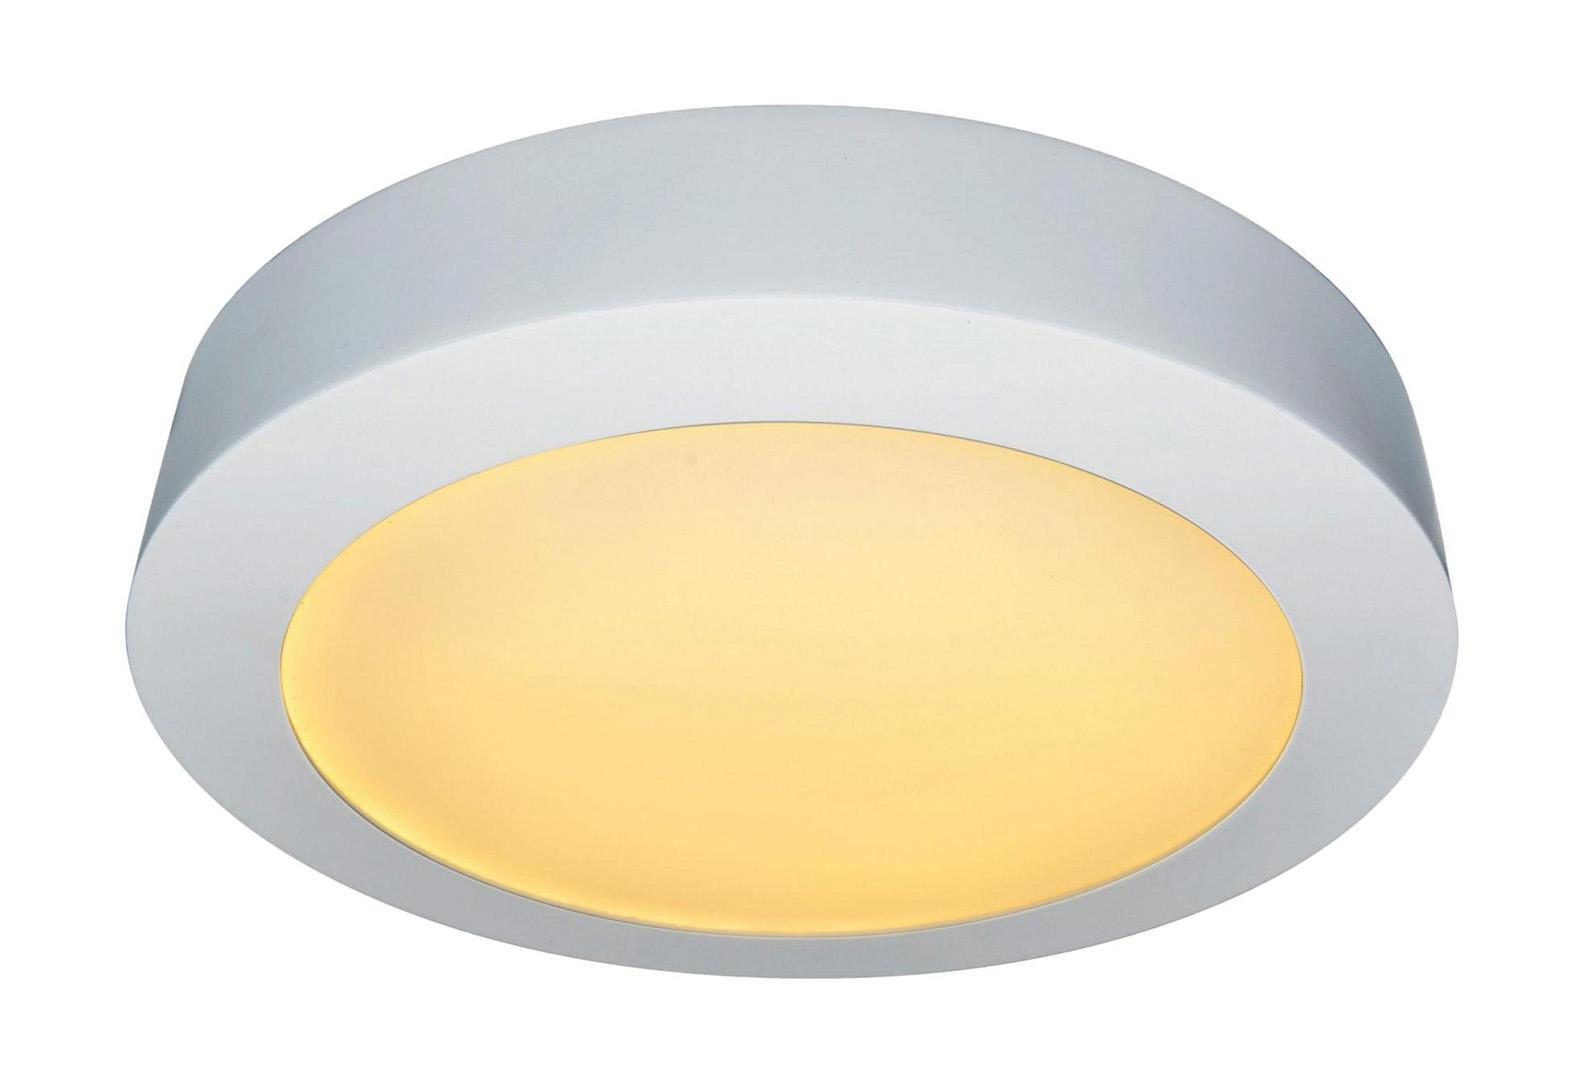 A3018PL-1WH ANGOLO Встраиваемый светильникA3018PL-1WH18W LED; 1440 lm Материал: Арматура: Алюминий / Элемент декора: Пластик Размер: 220x220x40 Цвет: Белый
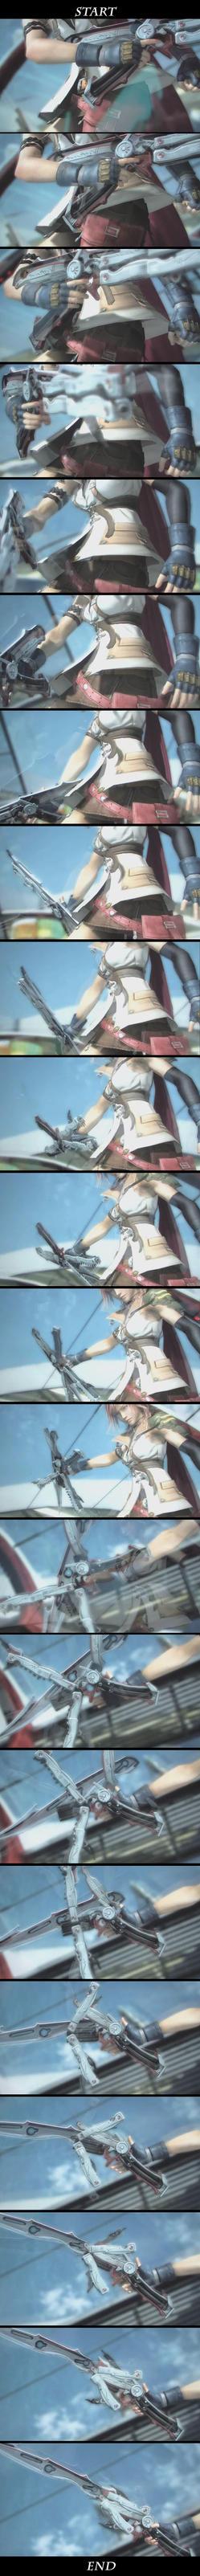 FFXIII Sword Transformation by Laitz
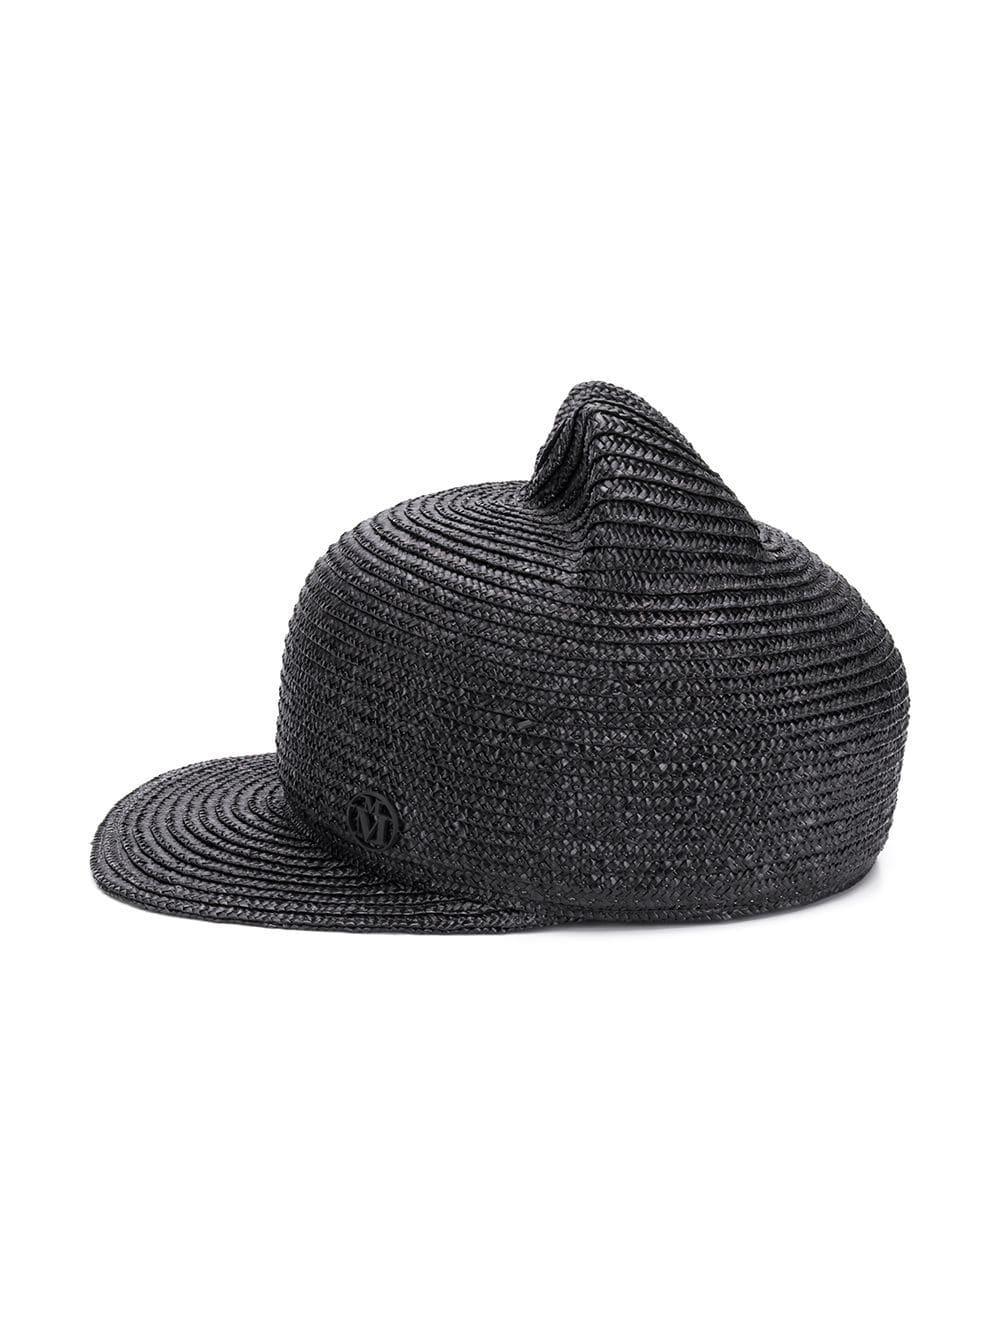 Gorras - Gorros y Sombreros Maison Michel  4a2f6c371a2
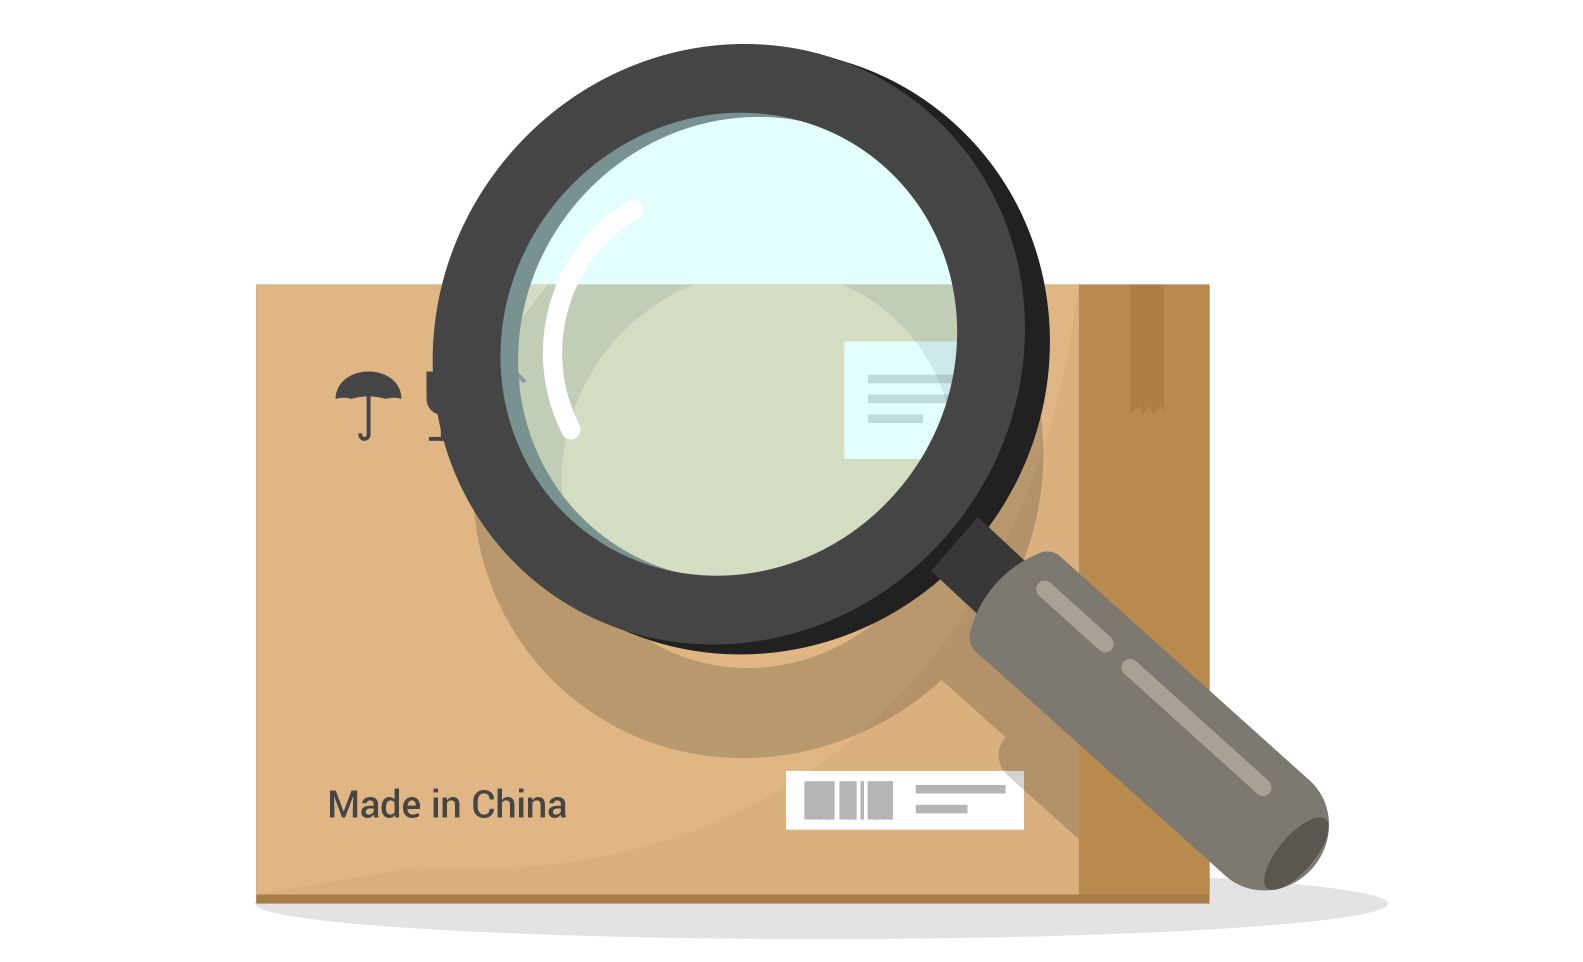 Recherche fournisseur chinois

────

• What is expected: Leaving out the pictures, output the listing above exactly as given.

• Solved exercise:
 A3018PL-1WH ANGOLO Встраиваемый светильникA3018PL-1WH18W LED; 1440 lm Материал: Арматура: Алюминий / Элемент декора: Пластик Размер: 220x220x40 Цвет: Белый
 FFXIII Sword Transformation by Laitz
 Gorras - Gorros y Sombreros Maison Michel  4a2f6c371a2
 Recherche fournisseur chinois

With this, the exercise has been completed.